MAKLUMAT — Polemik seputar musikalisasi hingga aksi joget dalam lantunan shalawat sambil joget-joget belakangan menjadi sorotan publik. Bagi sebagian anak muda, ekspresi seperti ini dianggap sebagai bentuk cinta kepada Nabi Muhammad SAW. Namun, tak sedikit pula yang menilai hal itu berlebihan dan mencederai makna shalawat sebagai ibadah.
Isu ini mencuat dalam Pengajian Tarjih PP Muhammadiyah pada Rabu (16/4), yang turut menghadirkan anggota Majelis Tarjih dan Tajdid PP Muhammadiyah, Wawan Gunawan Abdul Wahid.
@pinkyboy198 pemuda suka sholawat #fyp #sholawat #santri #santriputri ♬ suara asli – FKY
Dalam kajiannya, Ajengan Wawan menekankan bahwa shalawat adalah amalan suci yang diperintahkan langsung oleh Allah dan Rasul-Nya. Ia mengutip Surah Al-Ahzab ayat 56 sebagai landasan:
“Sesungguhnya Allah dan para malaikat-Nya bershalawat untuk Nabi.
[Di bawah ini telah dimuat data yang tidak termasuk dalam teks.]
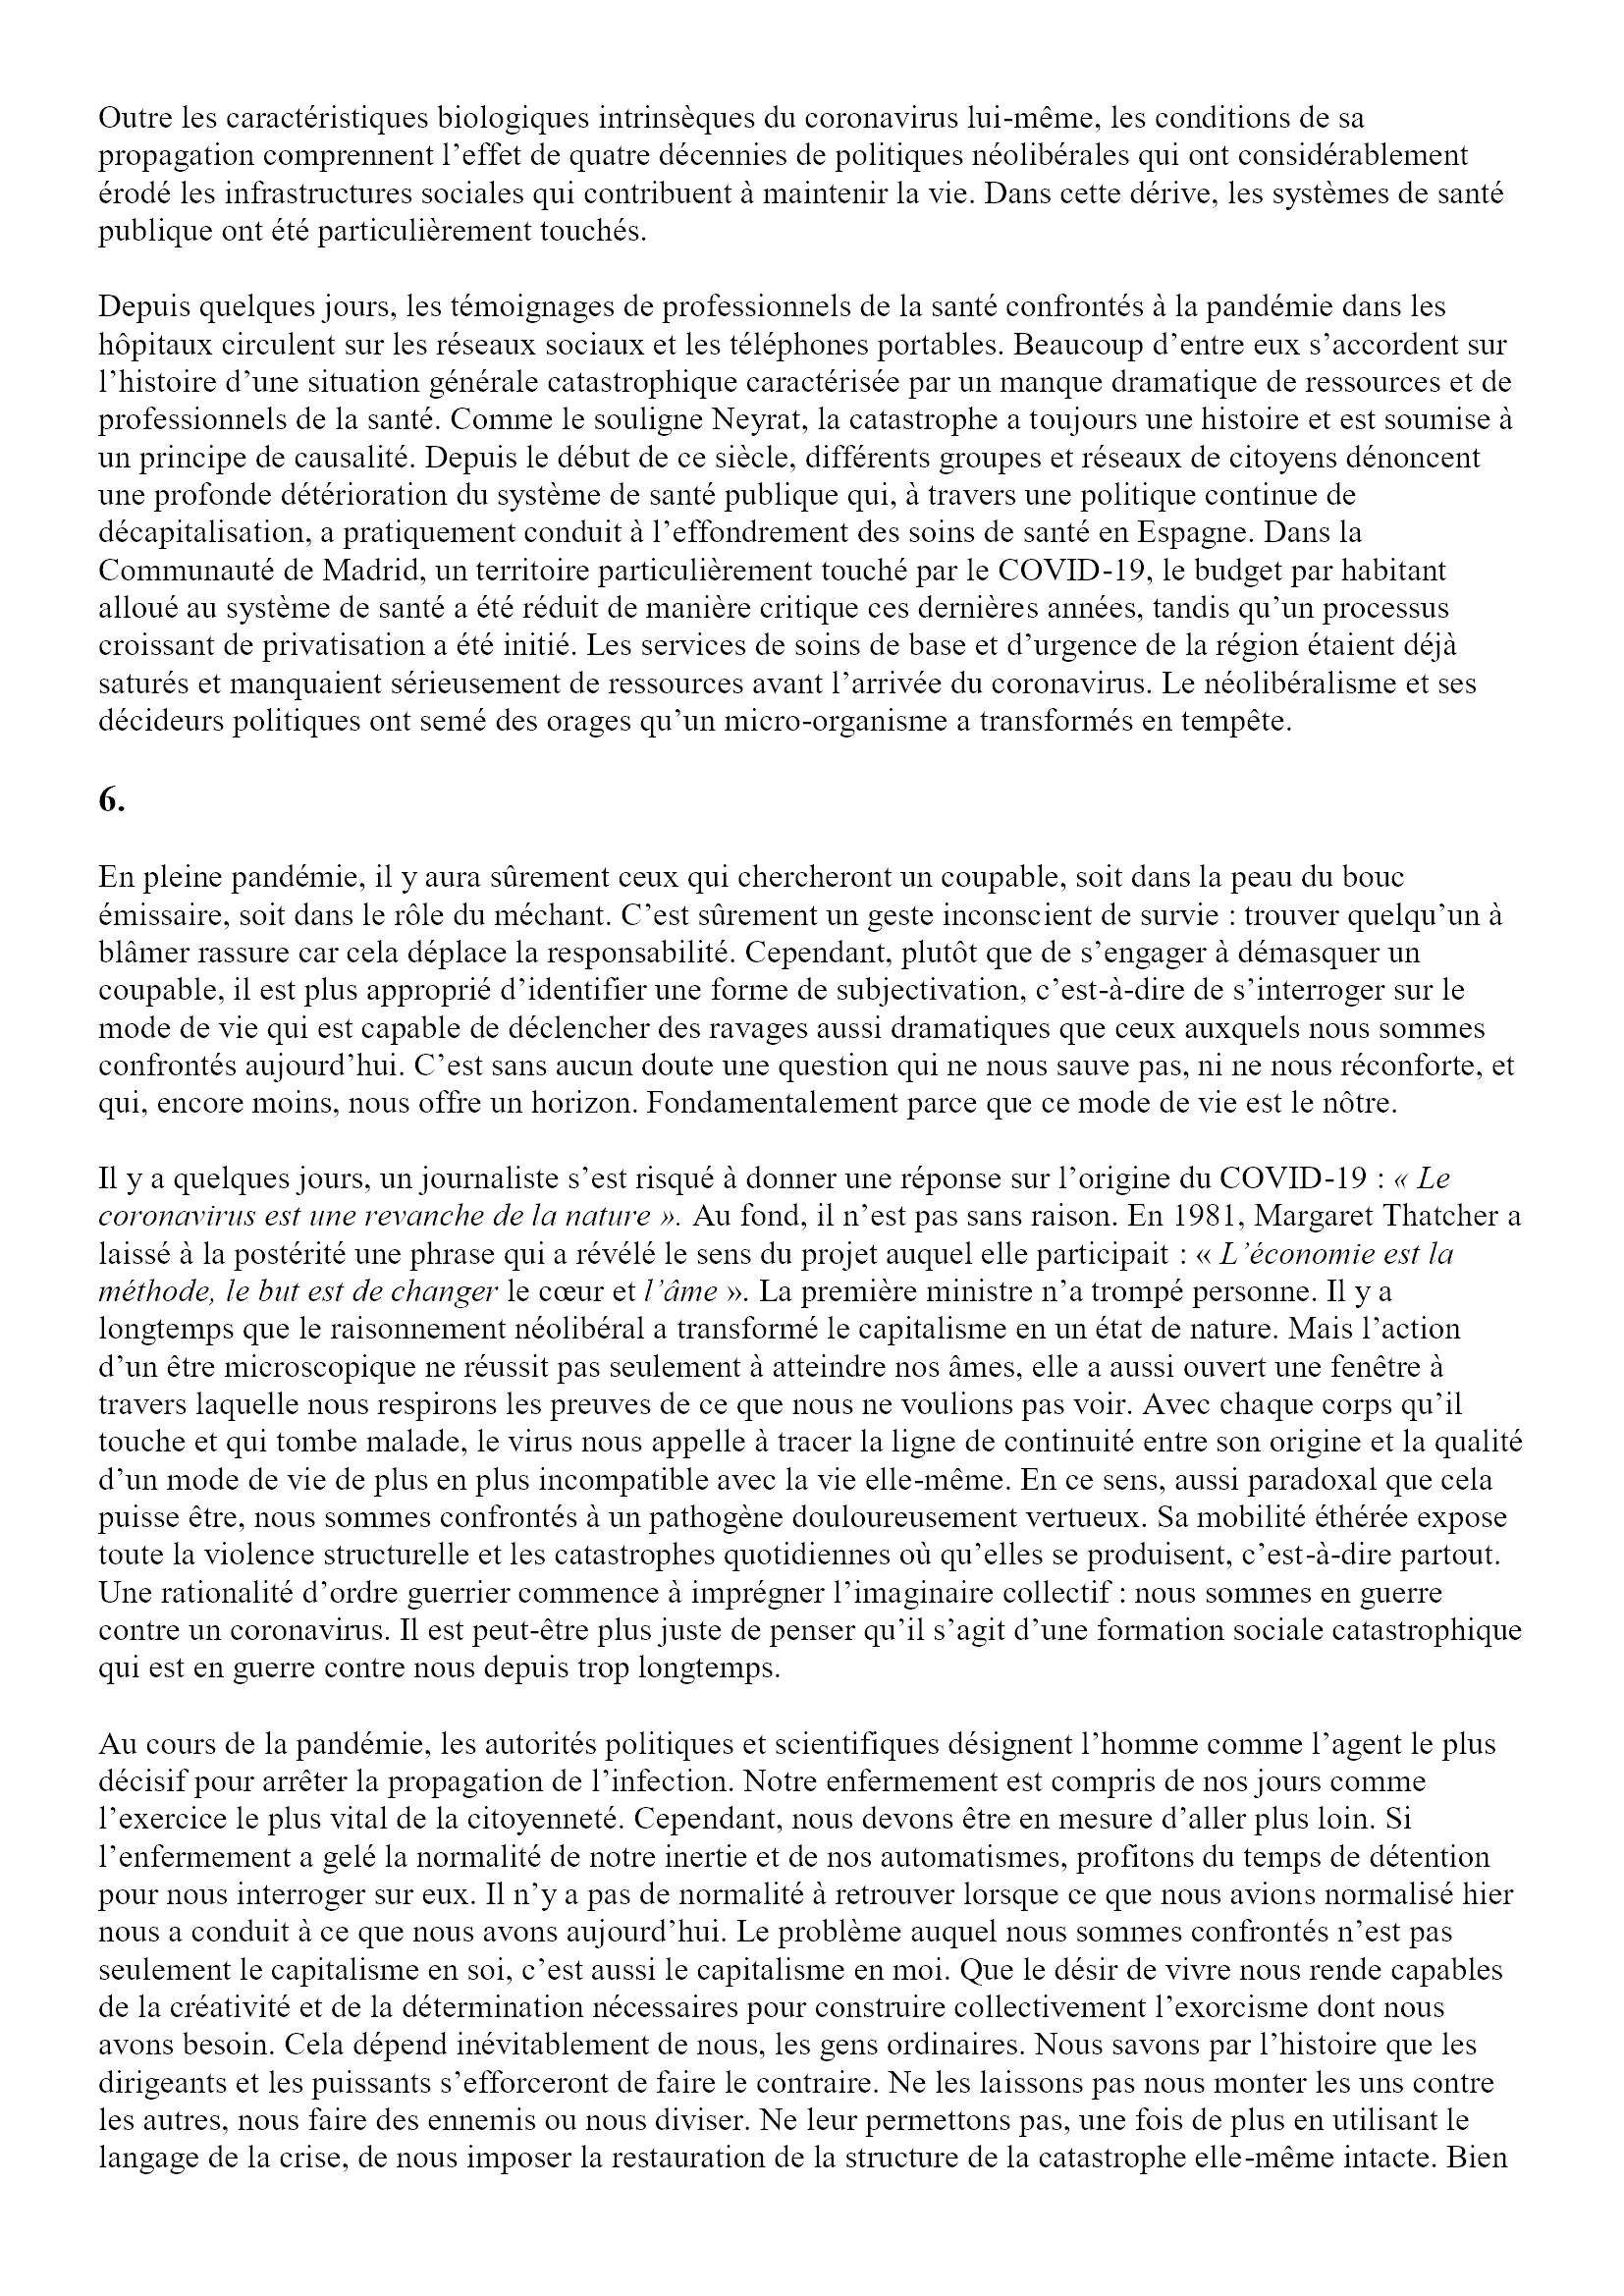 Causalité de la pandémie, caractéristiques de la catastrophe Angel Luis Lara 4x5

Wahai orang-orang yang beriman, bershalawatlah kamu untuk Nabi dan ucapkanlah salam kepadanya.”
Ajengan Wawan juga mengingatkan hadis Nabi Muhammad SAW:
“Barang siapa yang bershalawat kepadaku sekali, maka Allah akan bershalawat kepadanya sepuluh kali.”
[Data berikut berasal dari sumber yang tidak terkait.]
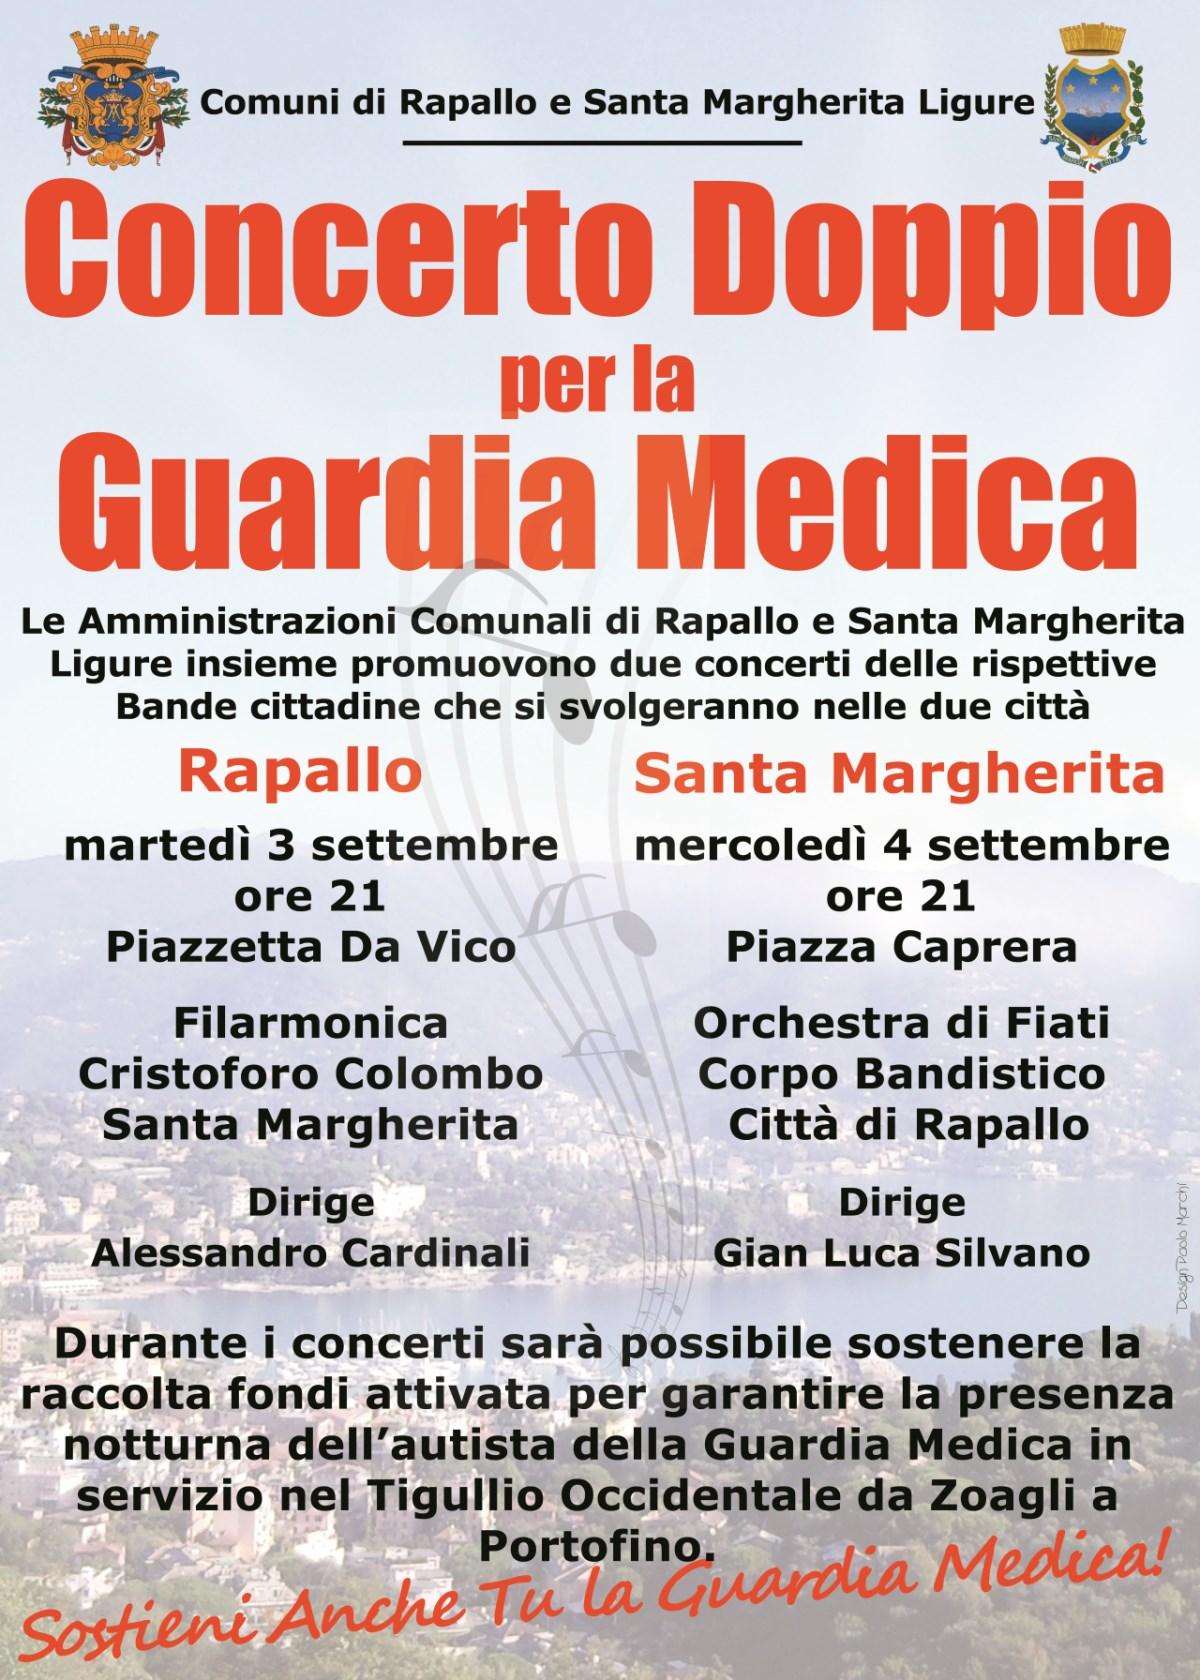 2013-08-23-manifesto-concerto-doppio-per-guardia-medica-cd-ridotto

Dari Hati, Bukan Sekadar Tren
Dalam kesempatan itu, Ajengan Wawan mengisahkan pengalaman pribadinya. Ia mengaku sering tersentuh saat mendengar lantunan shalawat yang dibawakan dalam berbagai format kekinian. Bahkan, ia menyebut kadang air mata mengalir saat mendengar shalawat yang mengingatkan pada sosok orang tua dan terutama Rasulullah SAW.
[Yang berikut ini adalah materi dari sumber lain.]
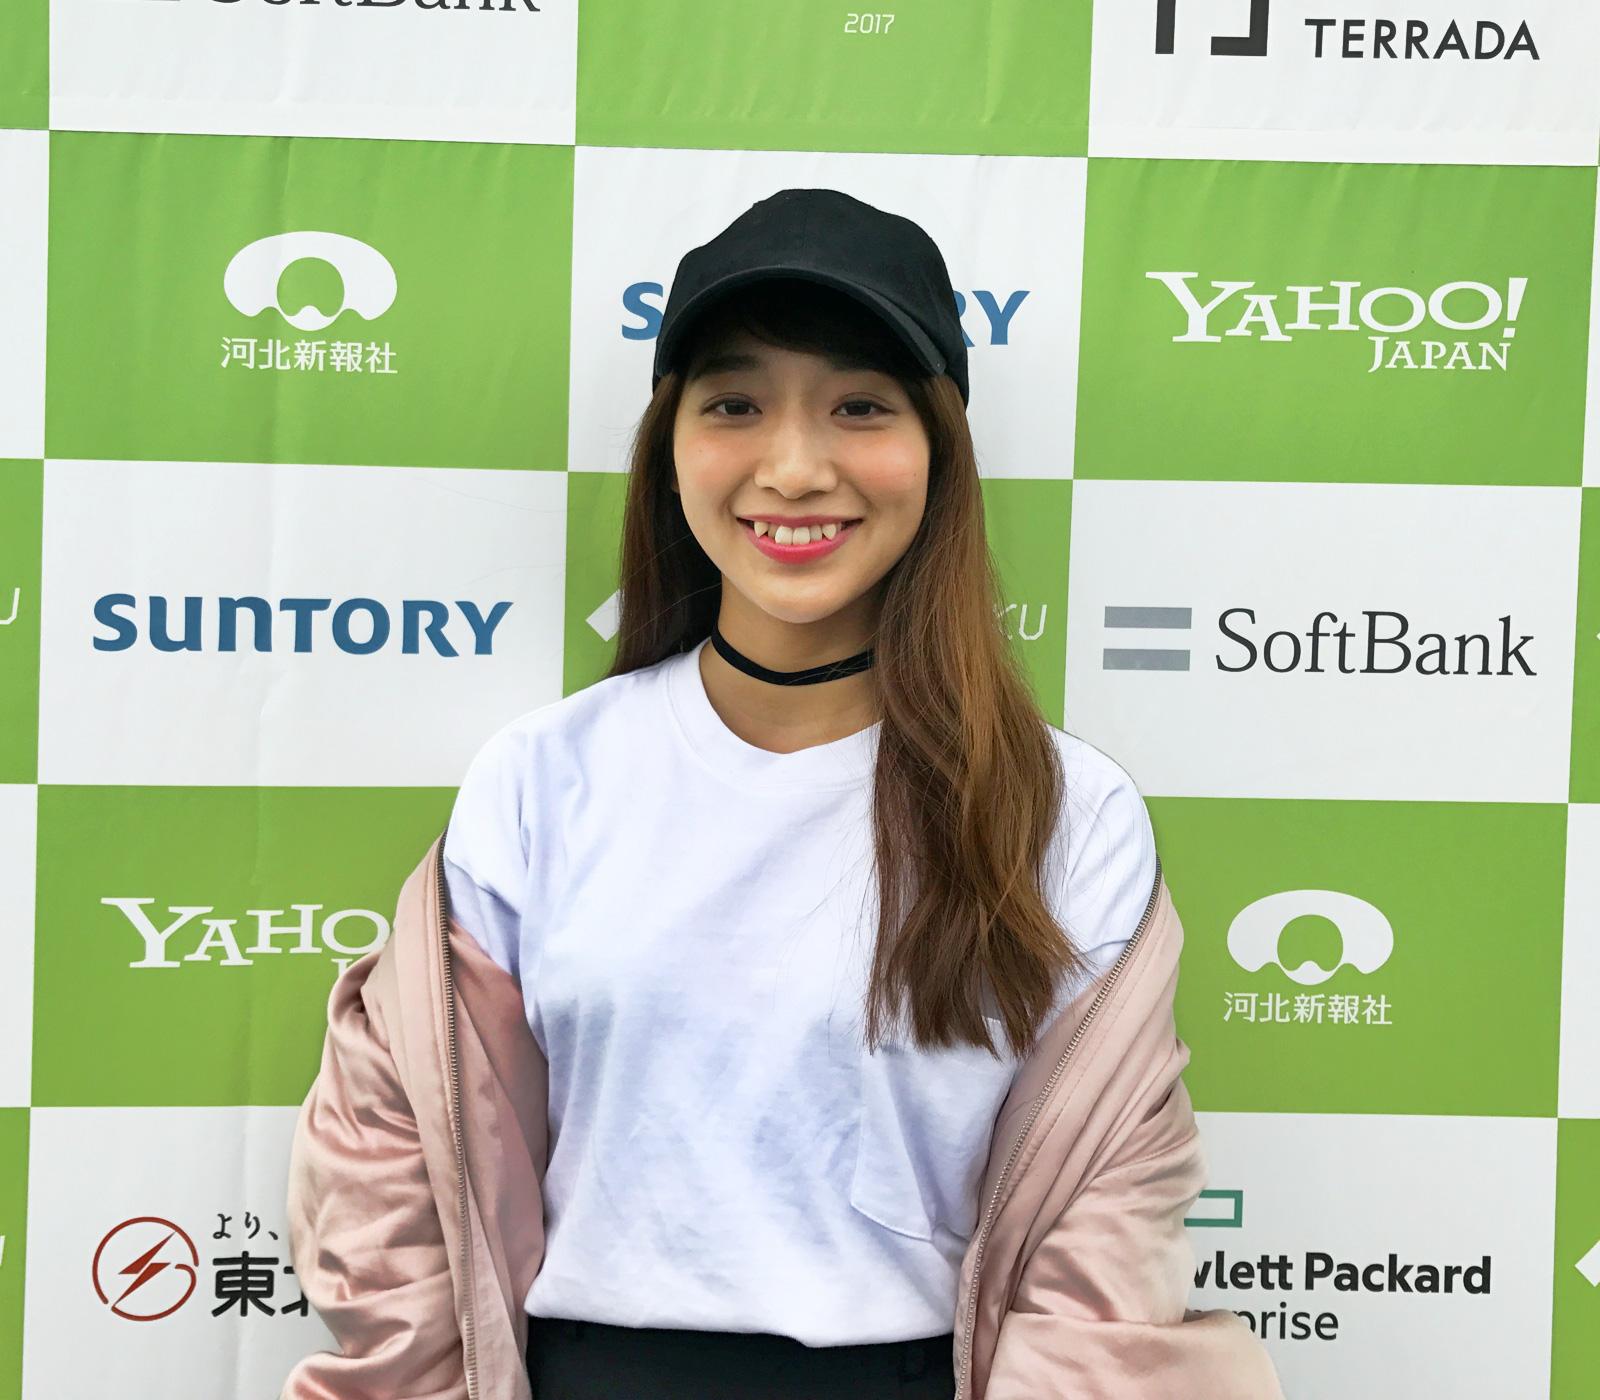 尾形 穂菜美さんの写真

“Musikalisasi shalawat sekarang begitu masif. Saya sendiri kadang ikut terbawa suasana. Apalagi kalau lantunannya mengingatkan kita pada kisah Nabi seperti dalam buku Sirah Nabawiyah karya Martin Lings. Bisa bikin menangis,” ujarnya haru.
Menurutnya, kreativitas dalam menyampaikan shalawat boleh saja, selama tidak keluar dari nilai-nilai ibadah. Musik, kata dia, bisa jadi sarana untuk mendekatkan diri pada Allah dan Rasul-Nya, selama membawa kekhusyukan dan tidak mengandung unsur yang bertentangan dengan syariat.
Boleh, Tapi Jangan Kebablasan
Meski terbuka terhadap inovasi, Ajengan Wawan mengingatkan pentingnya menjaga batas. Menurutnya, penggunaan musik dalam shalawat dibolehkan selama tidak disertai hal-hal yang menyimpang.
“Kalau sudah disertai ikhtilath (campur baur laki-laki dan perempuan tanpa batas) atau joget yang tidak pantas, tentu itu tidak dibenarkan. Shalawat itu suci, jangan sampai ternodai oleh aksi-aksi yang menjauhkan dari syariat,” tegasnya.
Ia mencontohkan konsep sadd adz-dzari’ah, yaitu prinsip menutup celah keburukan. Jika musik atau gerakan dalam shalawat berpotensi mengarah pada kemaksiatan, maka hal itu harus dicegah. Ia mengingatkan bahwa hukum asal shalawat adalah boleh, tapi bisa berubah menjadi tidak boleh jika dilakukan dengan cara yang melanggar.
Ajengan Wawan juga membandingkan hal ini dengan praktik ziarah kubur yang pada dasarnya diperbolehkan, namun bisa menjadi terlarang jika disertai perilaku yang mendekati syirik atau bid’ah.
Menjaga Ruh Ibadah
Kontroversi soal joget dalam shalawat ini menurut Ajengan Wawan adalah cerminan dari dinamika dakwah Islam di era sekarang. Generasi muda membutuhkan pendekatan kreatif, namun nilai-nilai ibadah tetap harus dijaga.
“Shalawat itu ekspresi cinta kepada Nabi. Tapi jangan sampai bentuk cinta itu justru menjauhkan dari ajaran Islam,” tandasnya.
Muhammadiyah, lanjut dia, tidak pernah melarang shalawat. Yang ditekankan adalah menjaga kesesuaiannya dengan Al-Qur’an dan Sunnah, agar tetap menjadi jalan menuju cinta kepada Rasulullah, bukan sebaliknya.